Bells of joy, bells of liberty, bells of praise and of thanksgiving, bells of triumph and of victory, have rung out during the year now closing and have rung in a promised era of peace and progress, with a sound and a meaning for all Christendom unique in the history of mankind. They aroused glad response in every heart, a rapture of relief too deep to voice in human language. Sensible as are all Christian Scientists that the cessation of physical hostilities did not represent the destruction of the sum total of human error, still they recognize it to be a great and wonderful milestone on the world's highroad to the kingdom of heaven, and that it does represent the condition of thought which our Leader designated on page 568 of "Science and Health with Key to the Scriptures" when she wrote, "For victory over a single sin, we give thanks and magnify the Lord of Hosts."

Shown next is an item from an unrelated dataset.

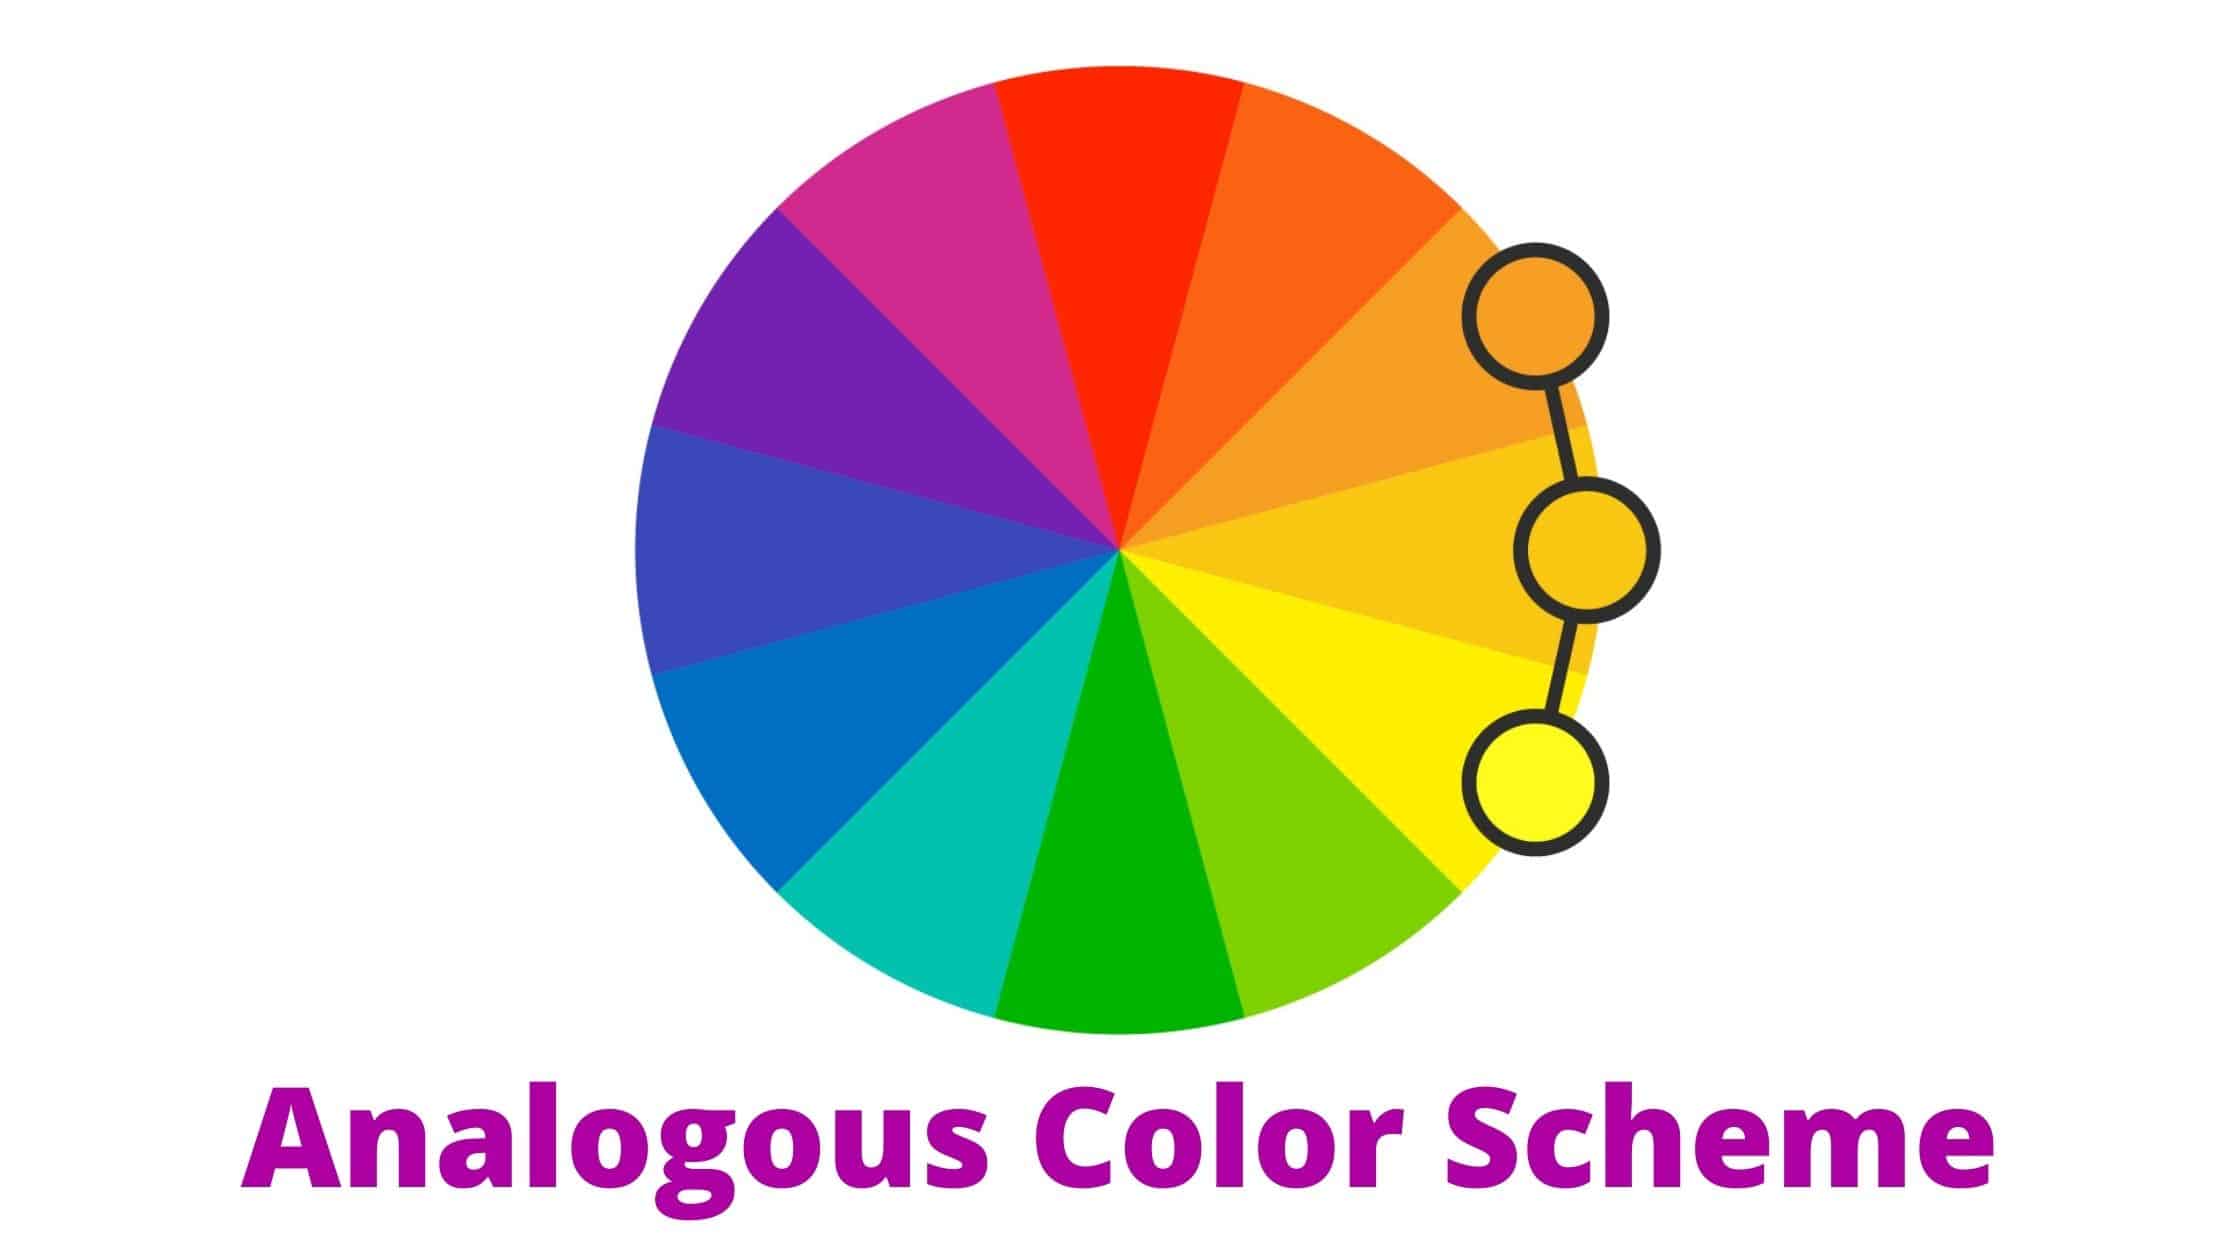 https://kripesh.b-cdn.net/wp-content/uploads/2021/11/Analogous-Color-Scheme.jpg

And yet in the very midst of this thanksgiving there were suggestions of fear!—and of what? Mortal mind argued that during the period of reconstruction now upon us, and the change from conditions of war to those of peace, there would be lack of employment, lack of food, lack of opportunity, and the general stoppage of individual activity and good. We verily believe, however, that this mighty victory of moral force over material might, gained by the allied forces in the workshops and on the battle field, this "victory beyond conquest," as one clergyman expressed it in a Thanksgiving sermon, is the proof positive that the Christ, Truth, has been and is ever present with us, and is reappearing among men in this momentous and universal hour, in a way that all can understand, revere, and hail with promise and hope. Our eyes are still blinded with the mists of the Adam-dream, or we would receive this reappearing of the Christ with such pure, overflowing gratitude that all fear would be completely flooded out with inrushing streams of glorious light and lasting joy,—lasting because it would be joy spiritually understood.

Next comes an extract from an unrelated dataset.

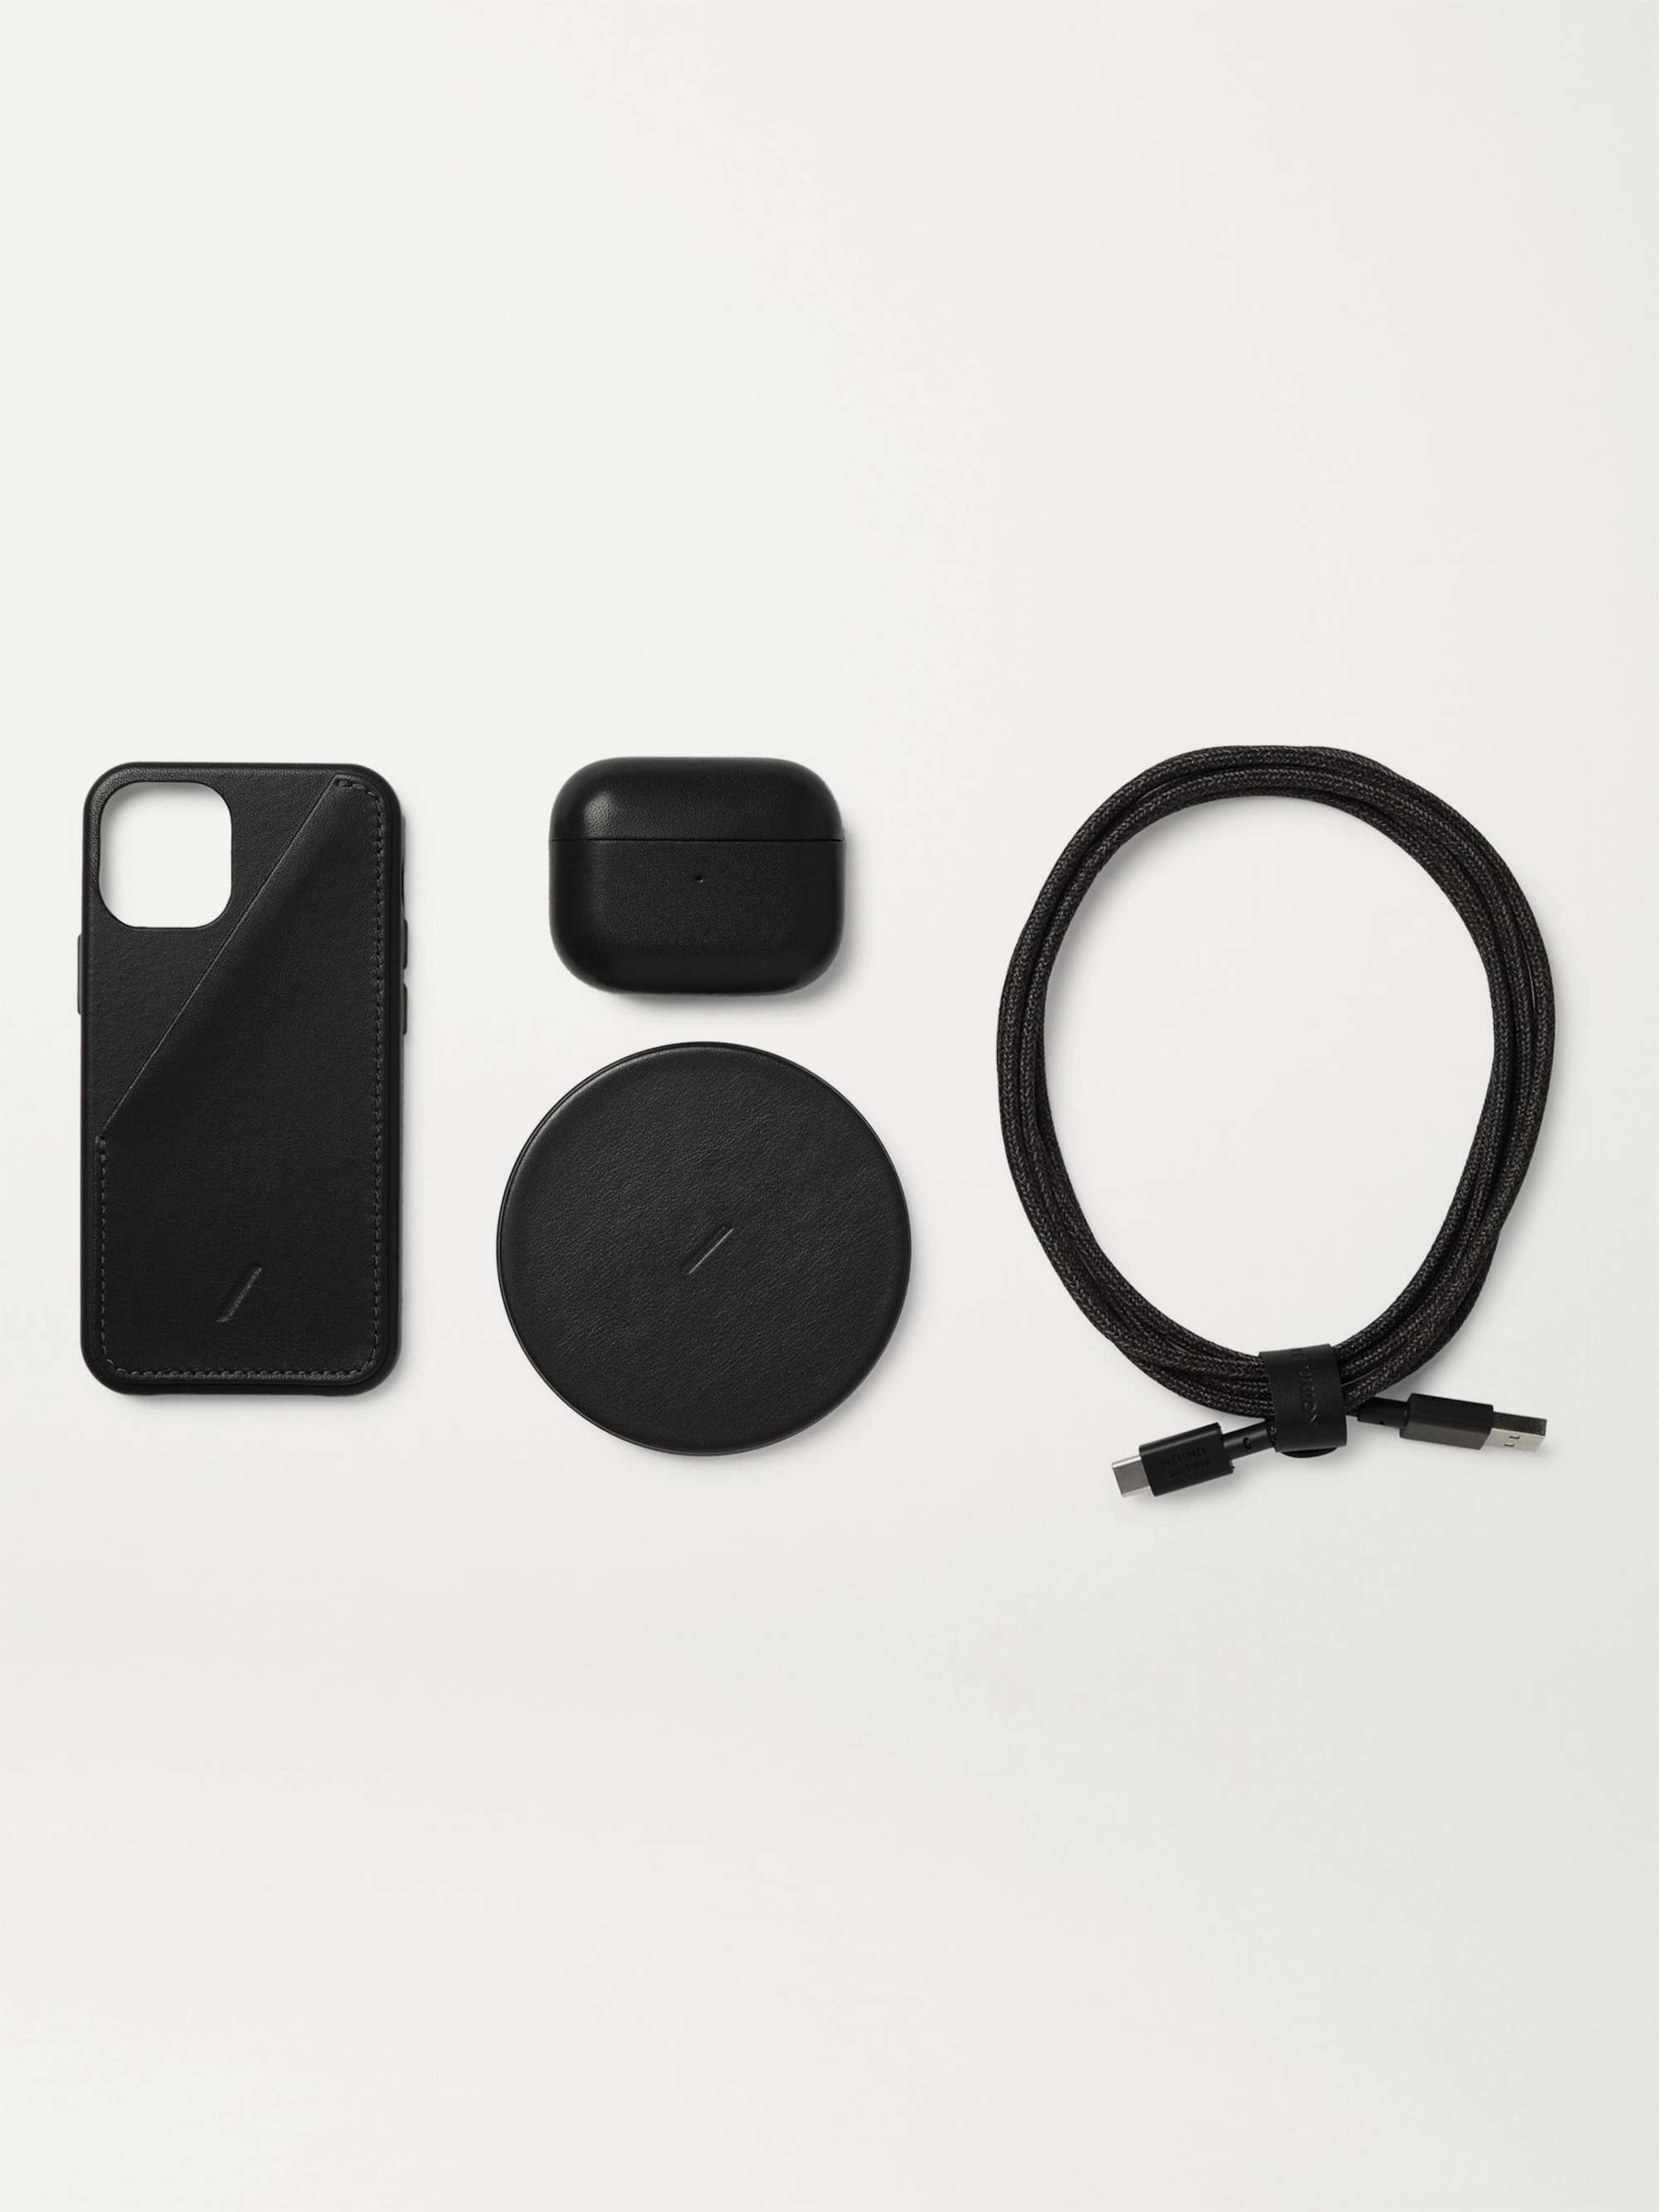 NATIVE UNION Leather iPhone 12 Pro Accessories Bundle

If we look back to the story of the resurrection as recorded in the twenty-first chapter of John's gospel, we shall see that the same conditions of thought obtained among the little circle of the disciples in those early times as are seemingly engulfing the governments and public marts of the world to-day. When Jesus the Christ stood on the shore of the lake of Tiberias, having conquered death and hell, his disciples were apparently absorbed in the question of making a living. They were thinking not at all of the best means of establishing their Master's teaching, or of strengthening one another in his beautiful words and works, but they were intent on their old material occupation of catching fish, and we may be quite certain that they did this because they were terrified of being out of employment, and had quite forgotten that Jesus had promised that he would make them "fishers of men." They were not watching for the reappearing of the Christ, and consequently they had toiled all night in matter and had caught nothing.